*Information*:
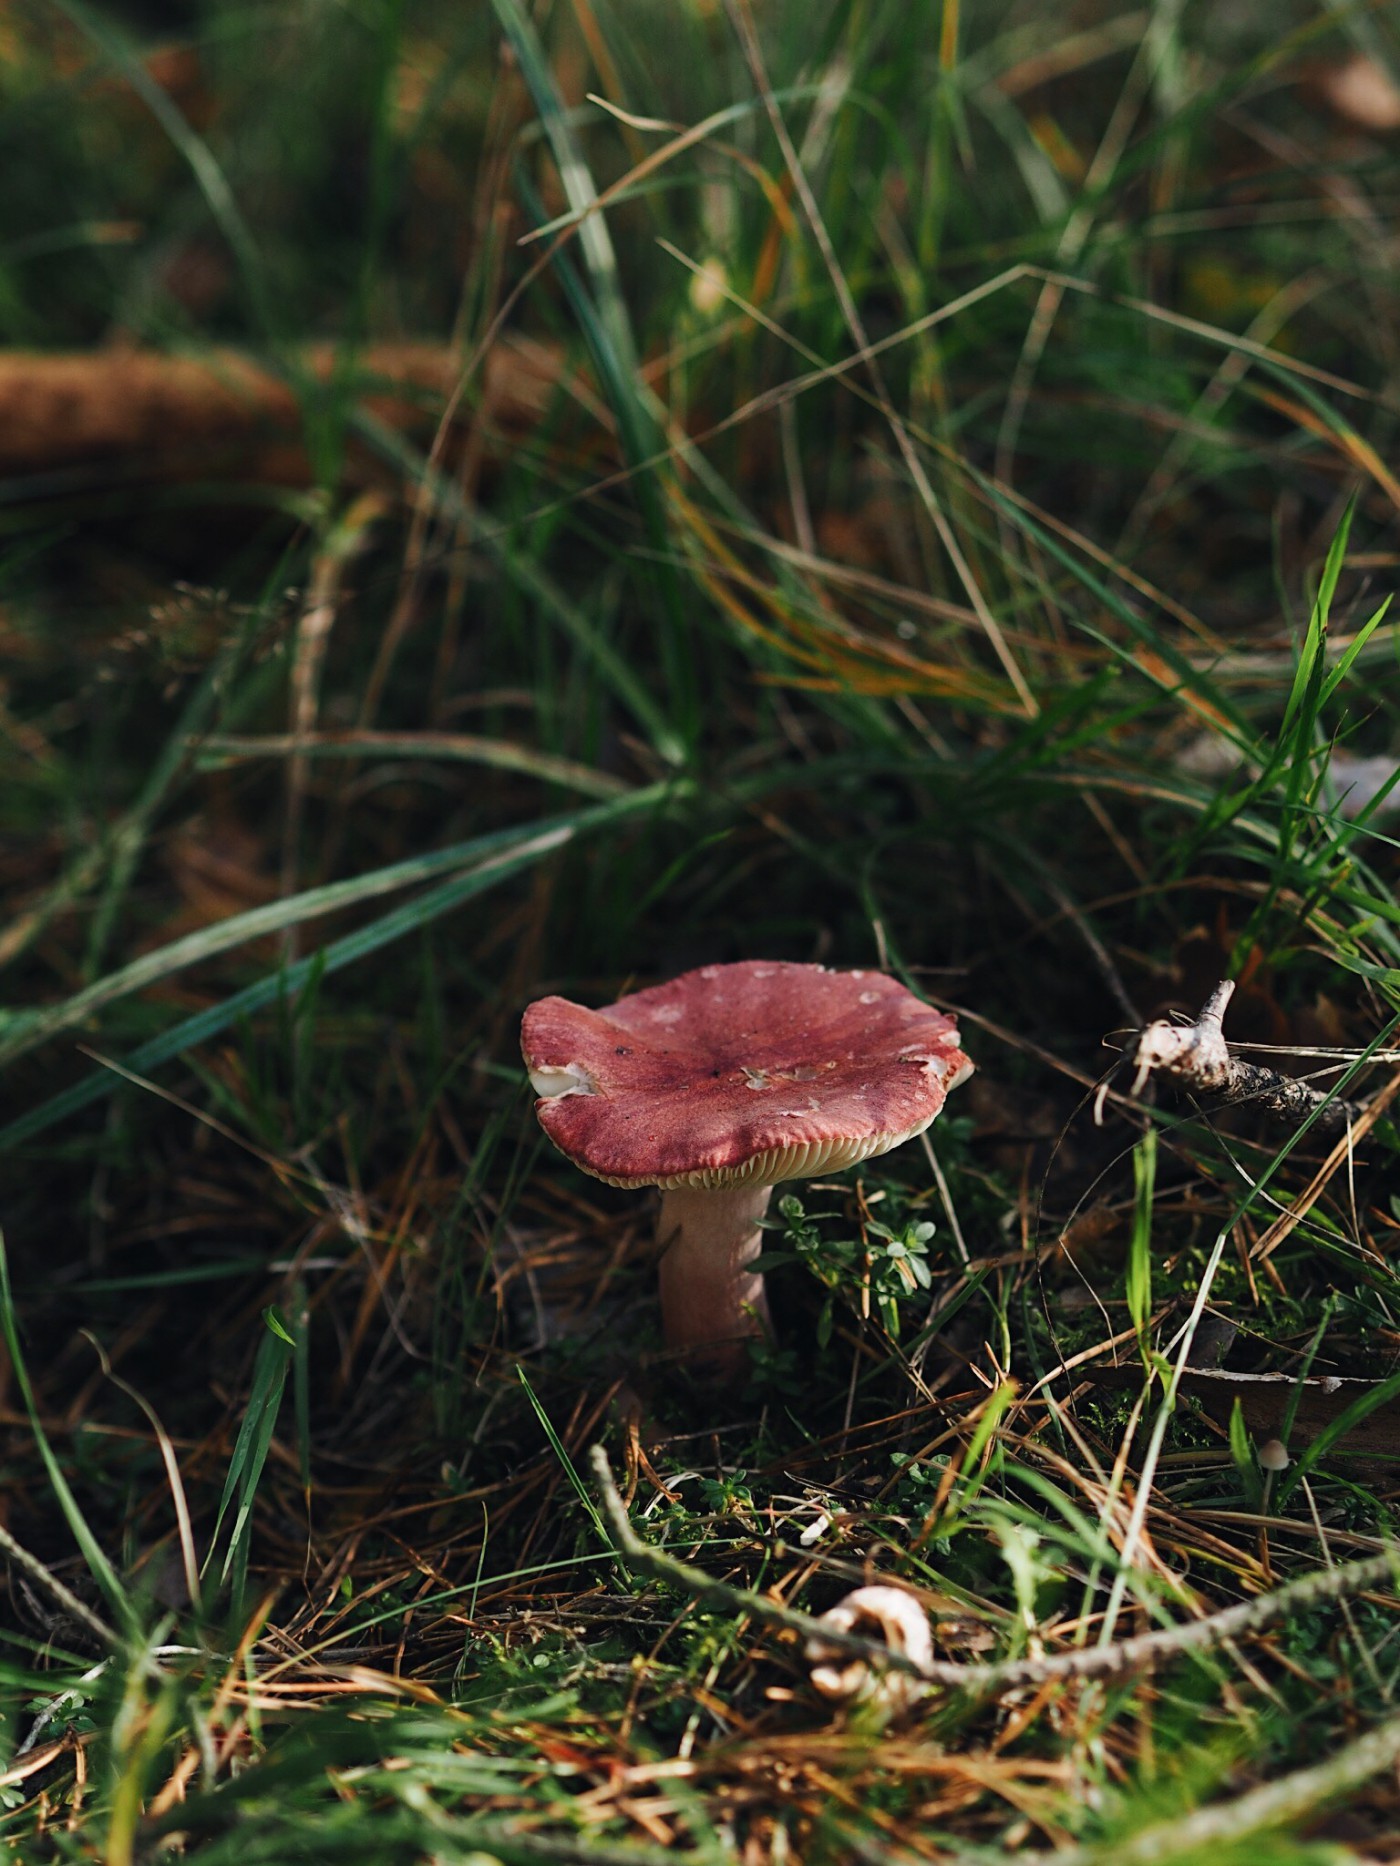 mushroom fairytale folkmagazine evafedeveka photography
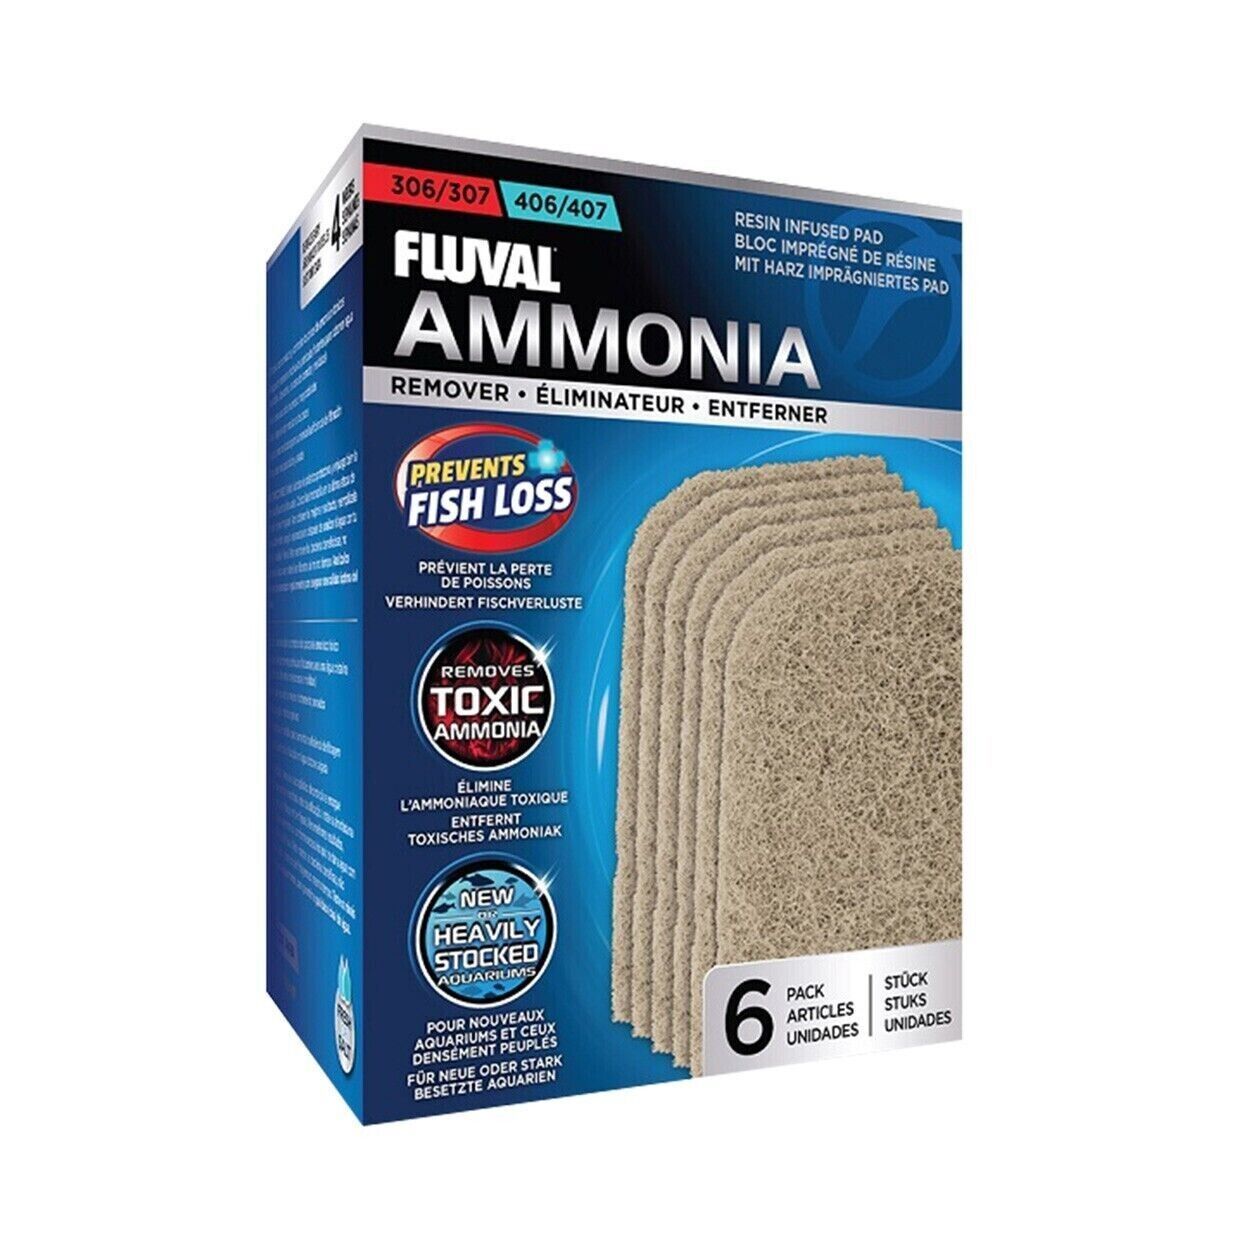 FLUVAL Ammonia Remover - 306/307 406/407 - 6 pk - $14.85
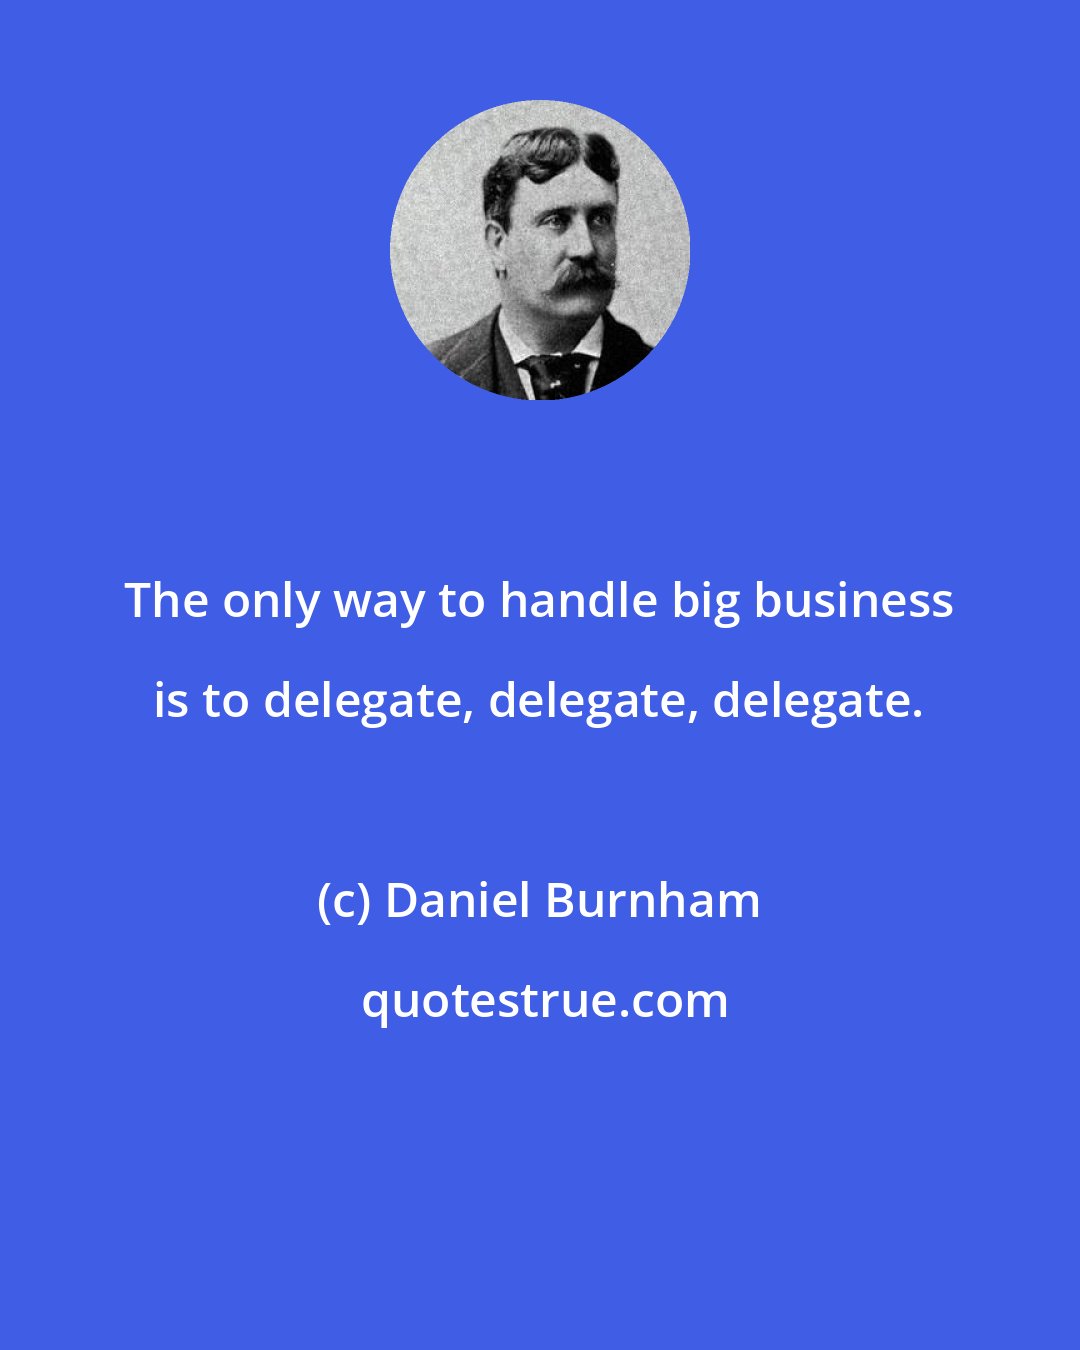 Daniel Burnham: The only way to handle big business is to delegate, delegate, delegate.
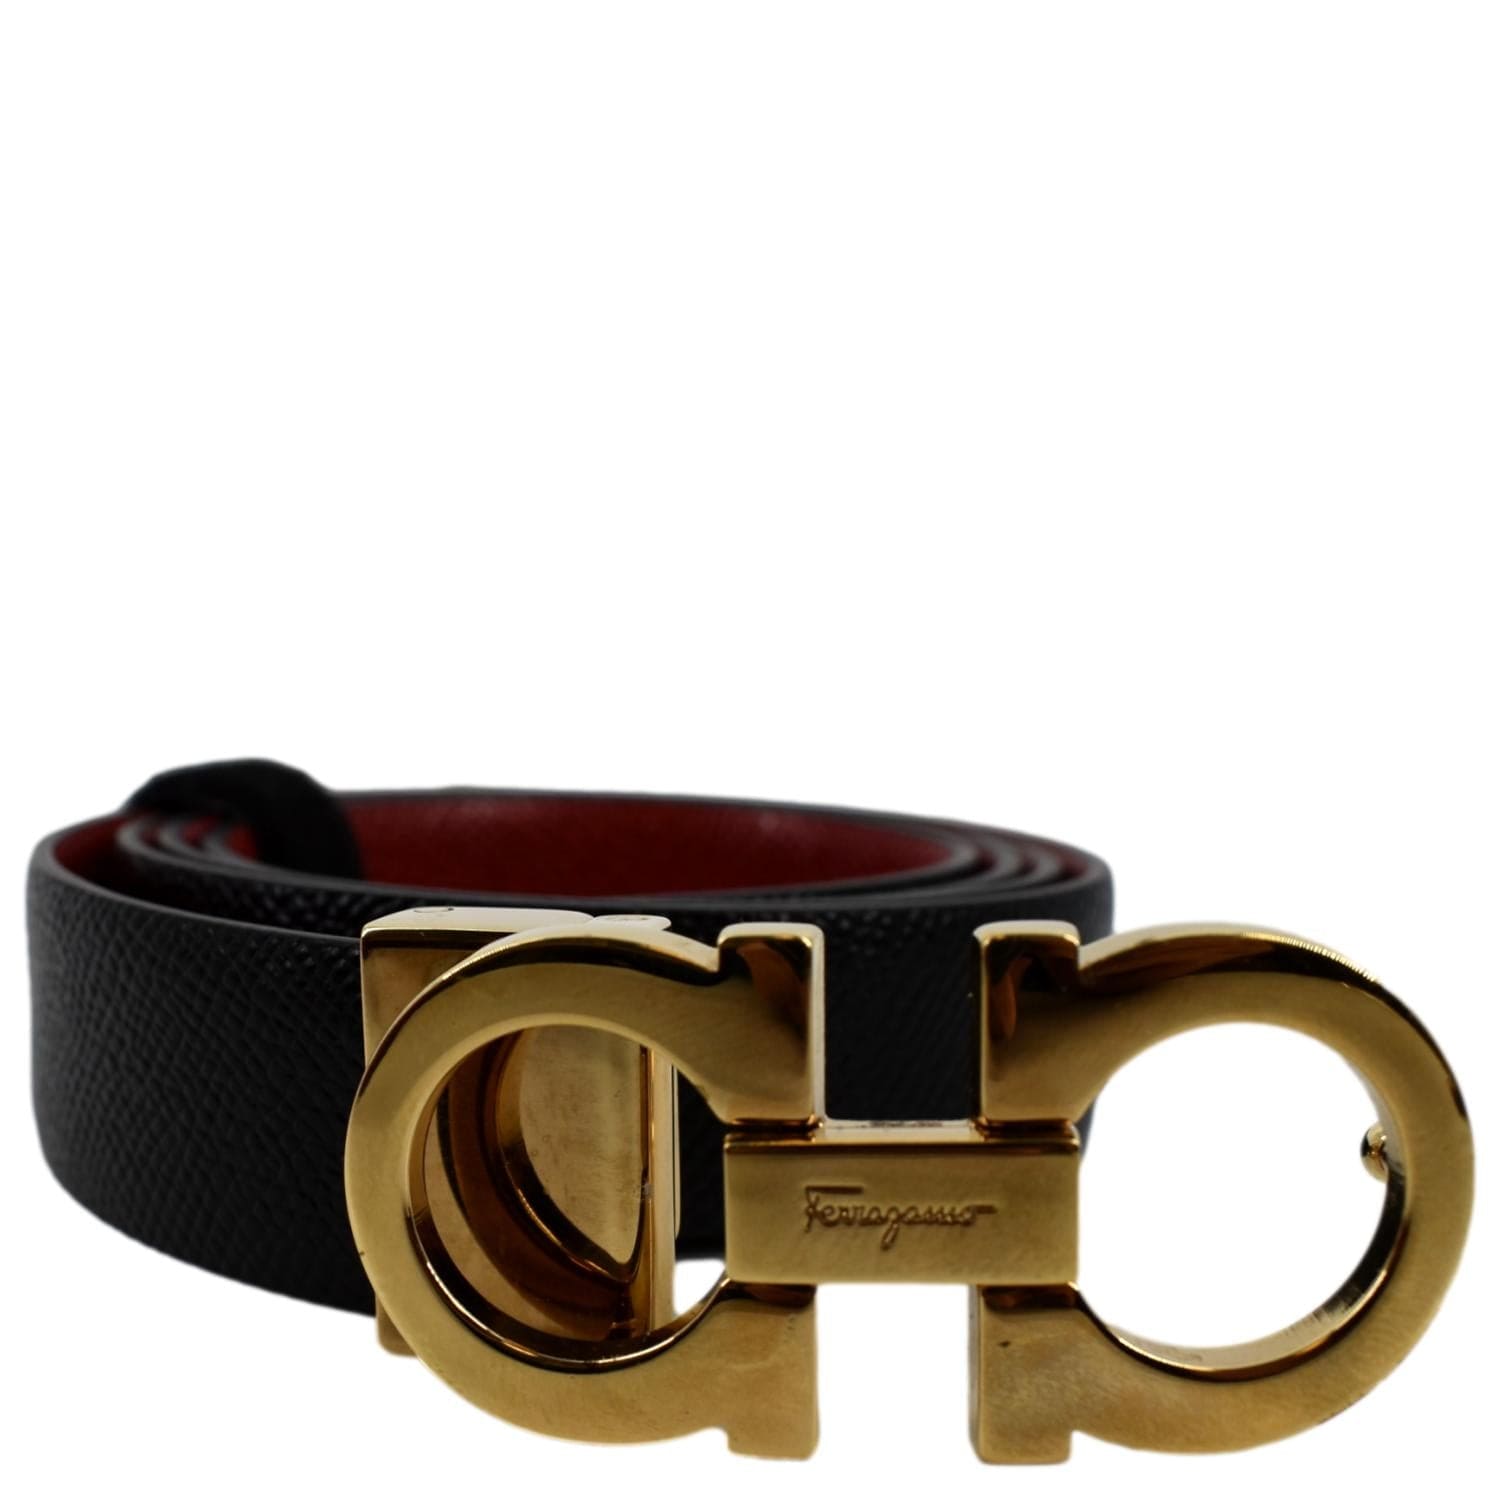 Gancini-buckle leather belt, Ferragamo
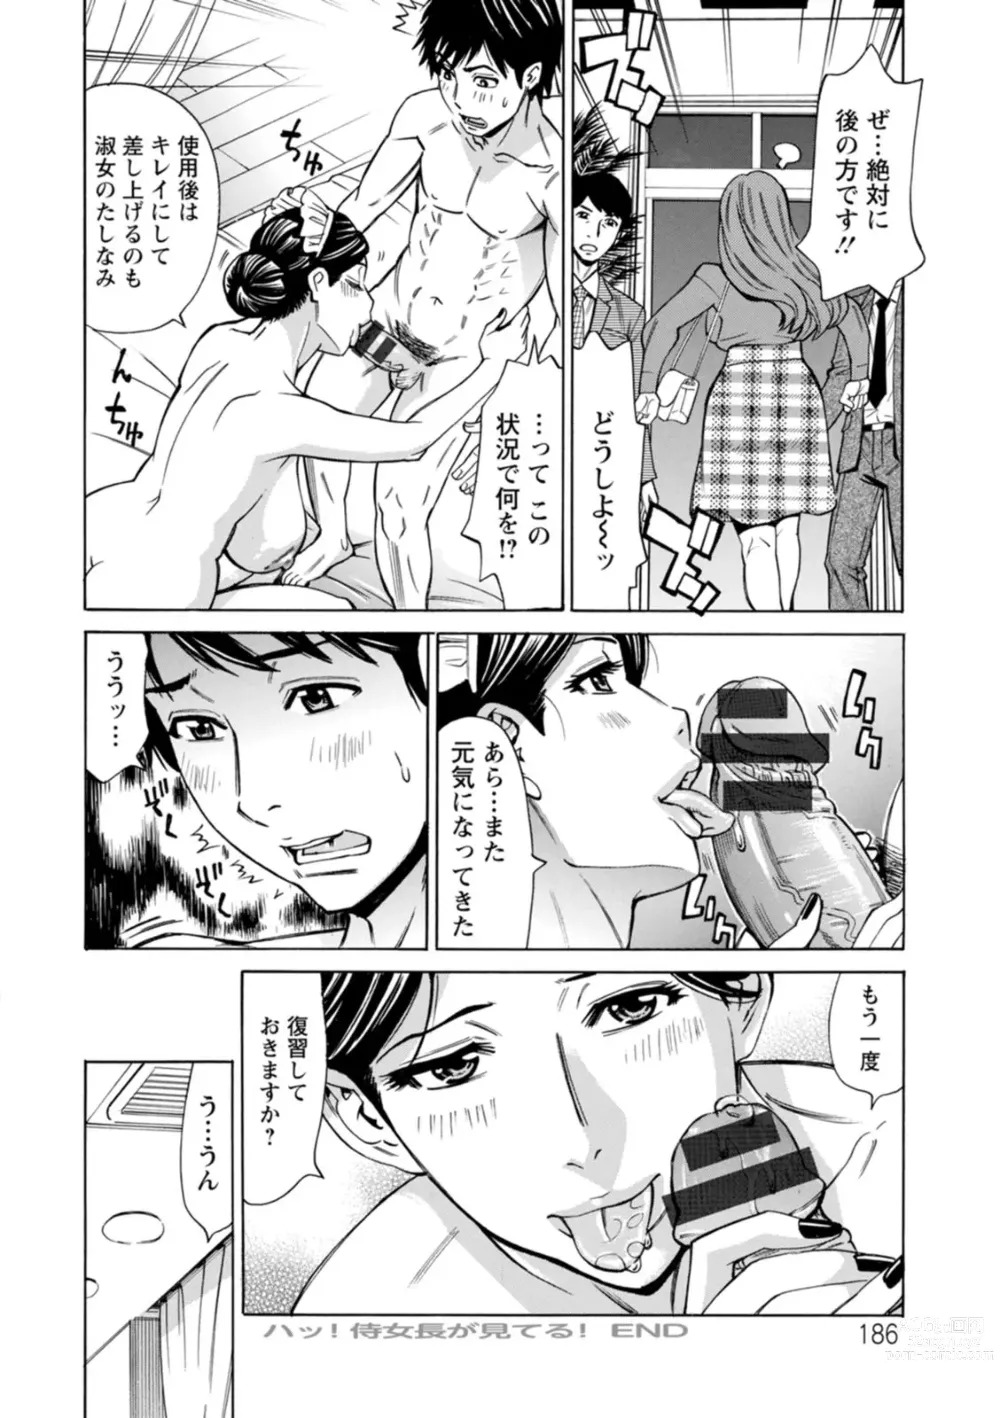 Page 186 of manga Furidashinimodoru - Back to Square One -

*Assignment*:
Reproduce the whole of the data, word for word, and omit its pictures.

*Your solution*:
 mushroom fairytale folkmagazine evafedeveka photography
 FLUVAL Ammonia Remover - 306/307 406/407 - 6 pk - $14.85
 Daniel Burnham: The only way to handle big business is to delegate, delegate, delegate.
 Gancini-buckle leather belt, Ferragamo
 Page 186 of manga Furidashinimodoru - Back to Square One -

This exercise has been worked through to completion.